If their release schedule is anything to go by, The Icarus Line’s attitude to writing and recording mirrors the aggressive commitment of their live shows, both in terms of the relentlessness of their touring calendars and their penchant for leaving absolutely nothing in the tank, energy-wise, night after night. This five-track EP, Avowed Slavery, follows hot on the heels of last year’s superb Slave Vows album; if the similarity of the title and artwork doesn’t have the penny drop for you, the accompanying blurb charmingly describes the release as 'the other arm getting a shot.'
It’s difficult to shake off a feeling of cynicism with these kinds of releases because you immediately have to wonder if these are tracks that weren’t deemed worthy of making the cut first time around. Opener ‘Leeches and Seeds’ isn’t much quicker getting down to brass tacks than its slow-burning opposite number from Slave Vows, ‘Dark Circles’; it’s all ominous flickers of bass and barely-anchored vocals, with the guitars and percussion - rapid lines high up the fretboard, occasional shakes of the maraca - conjuring up images of insect swarms.

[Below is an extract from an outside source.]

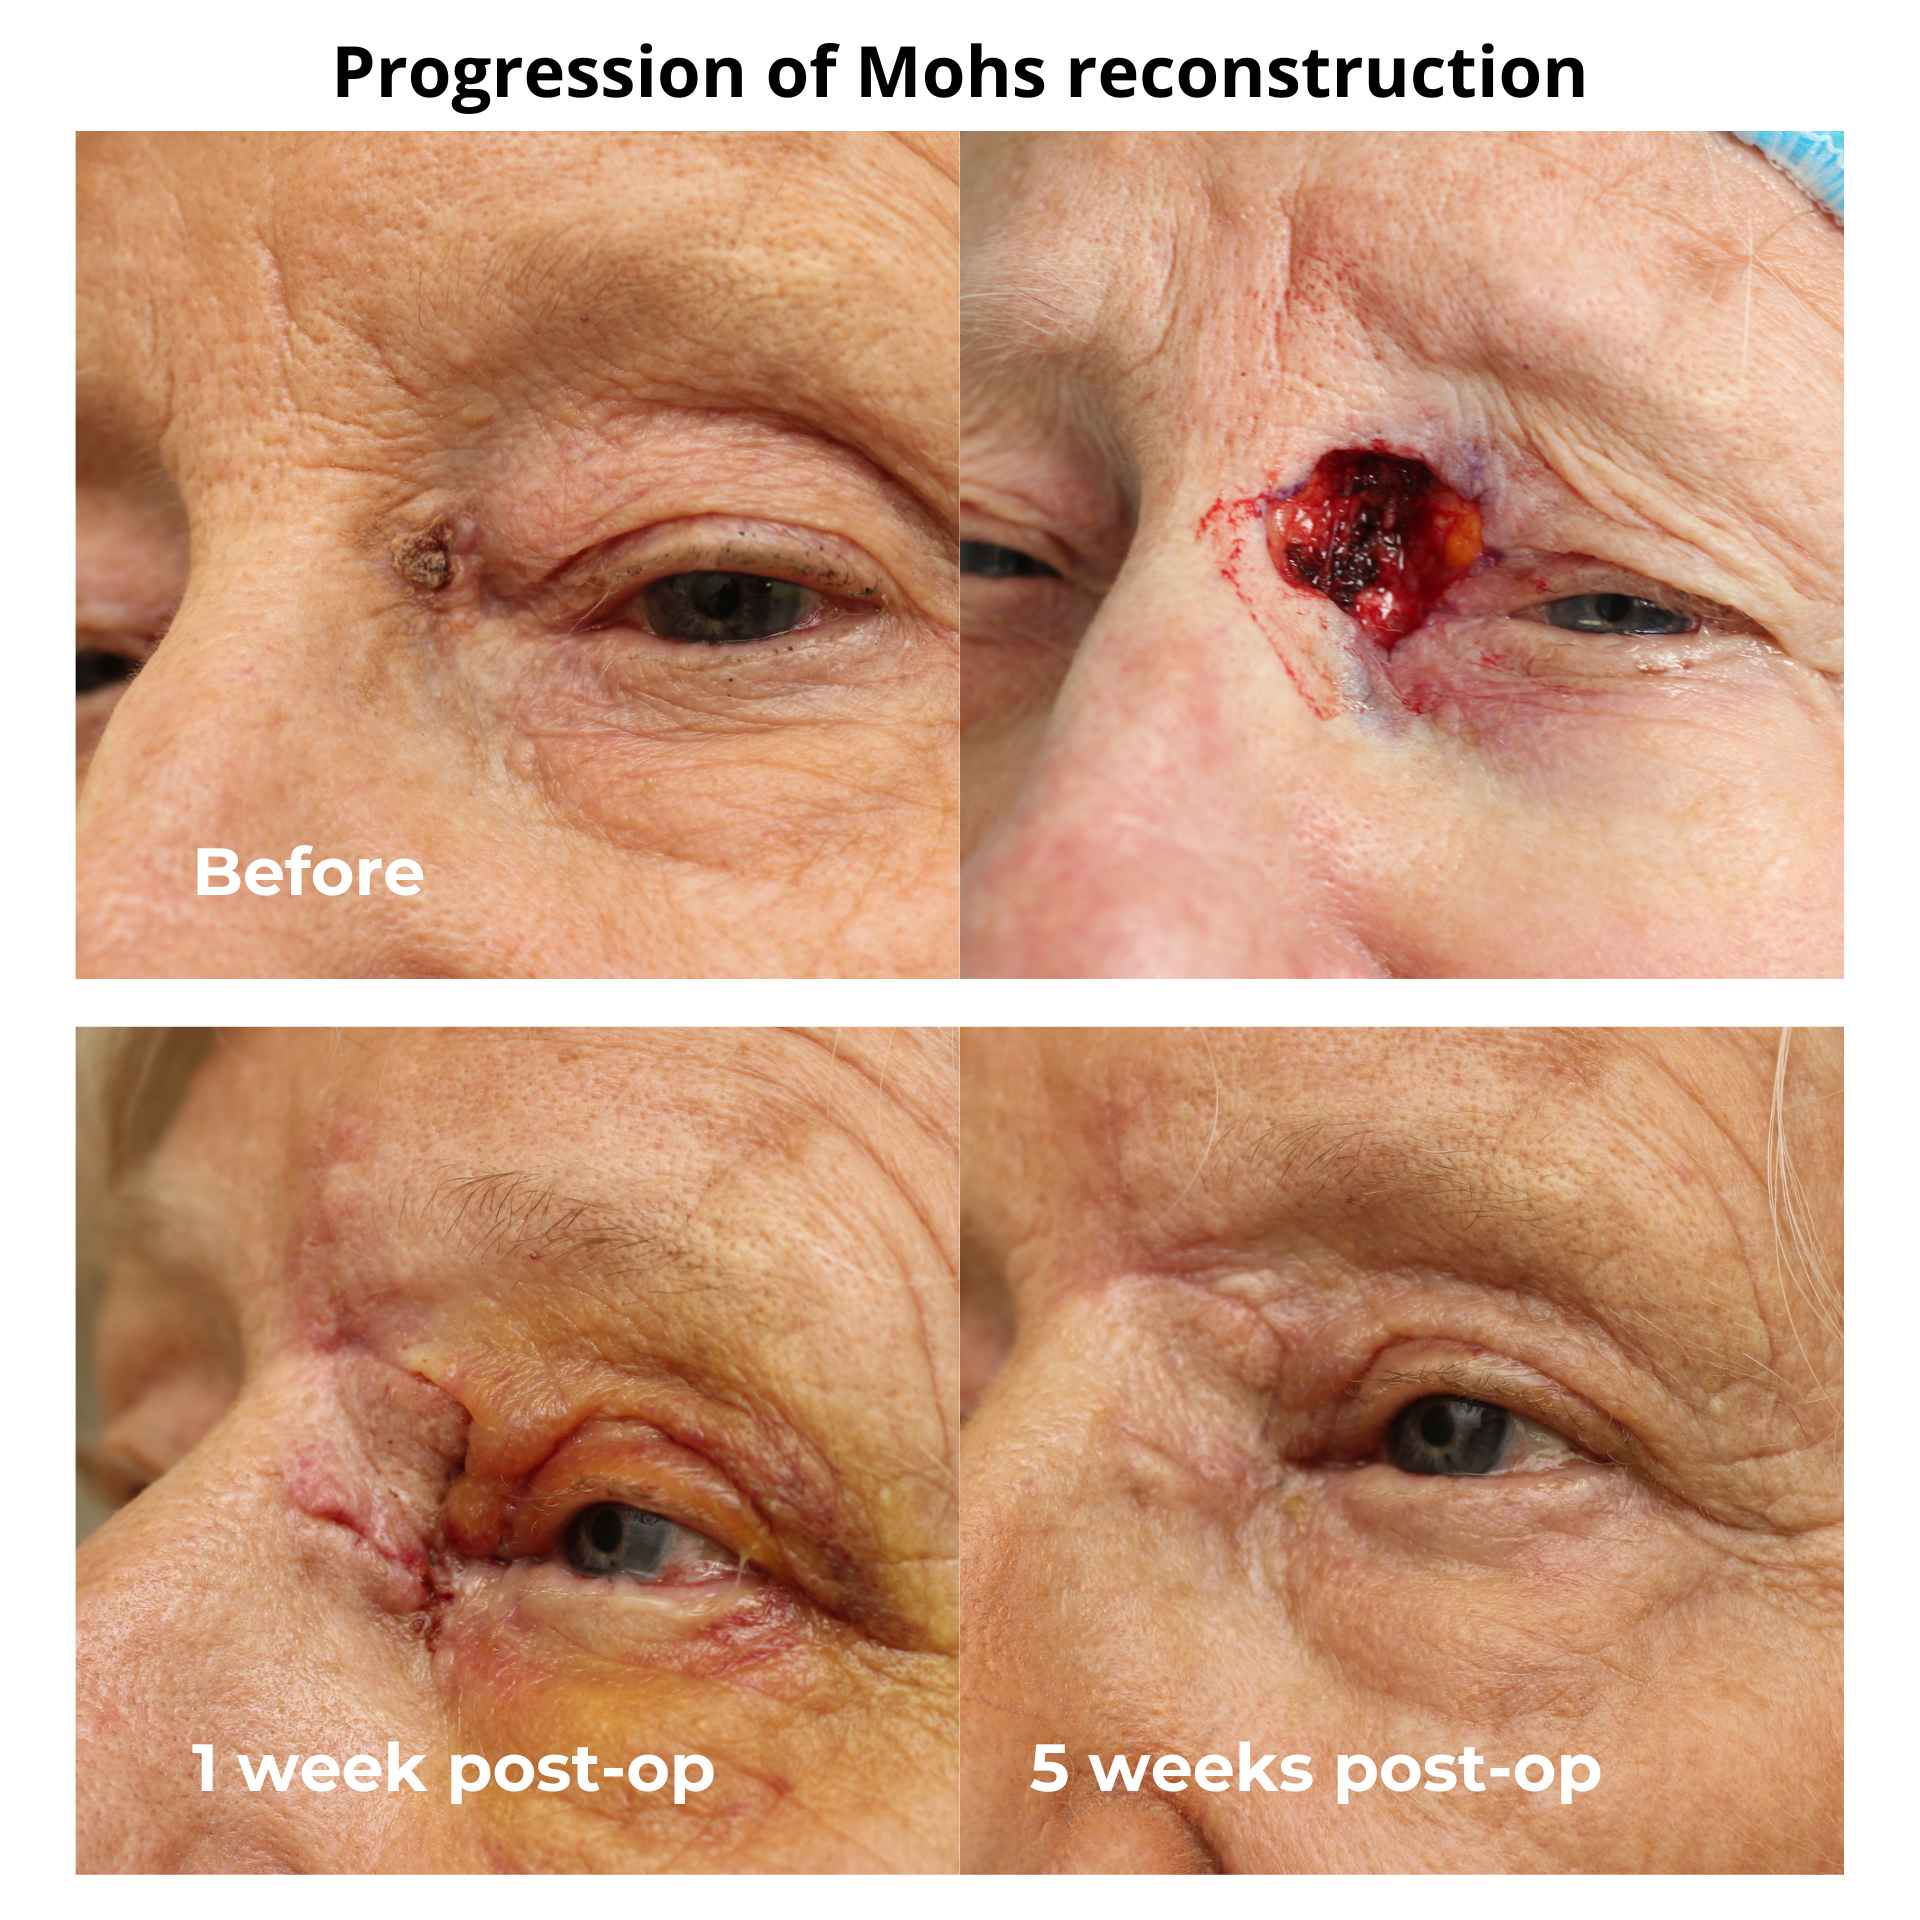 Progression of Mohs reconstruction showing the before and after phases.

‘Junakdelic’ kicks off in similar fashion, but quickly undergoes a couple of landscape changes; first, it enters into a monotonous, Nick Cave-aping bluesy strut, before collapsing into a clattering wall of noise late on. ‘Raise Yer Crown’, meanwhile - the shortest cut on the disc, at just shy of five minutes - pulls off that sleazy menace with much more of a flourish. The problem, really, is that it doesn’t really go anywhere, with singer Joe Cardamone on directionless vocal form. ‘Salem Slims’ demonstrates that, often, The Icarus Line’s penchant for simmering tension is best restricted to short stretches; when the track explodes, messily, into furious guitars late on, you’re glad that you were at least afforded the opportunity to catch your breath at the midpoint.
In fact, none of Avowed Slavery is quite as urgent as I’d expected; to be fair - running at around 35 minutes, this is far from your typical EP. Perhaps that’s why, by way of comparison to the record it’s intended to accompany, it’s a mild disappointment; I looked forward to hearing Slave Vows’ sheer ferocity boiled down to a pithier product, but it isn’t to be here. Keen editing is likely what kept these songs from that record in the first place, and yet that's something unfortunately absent from the bloated Avowed Slavery.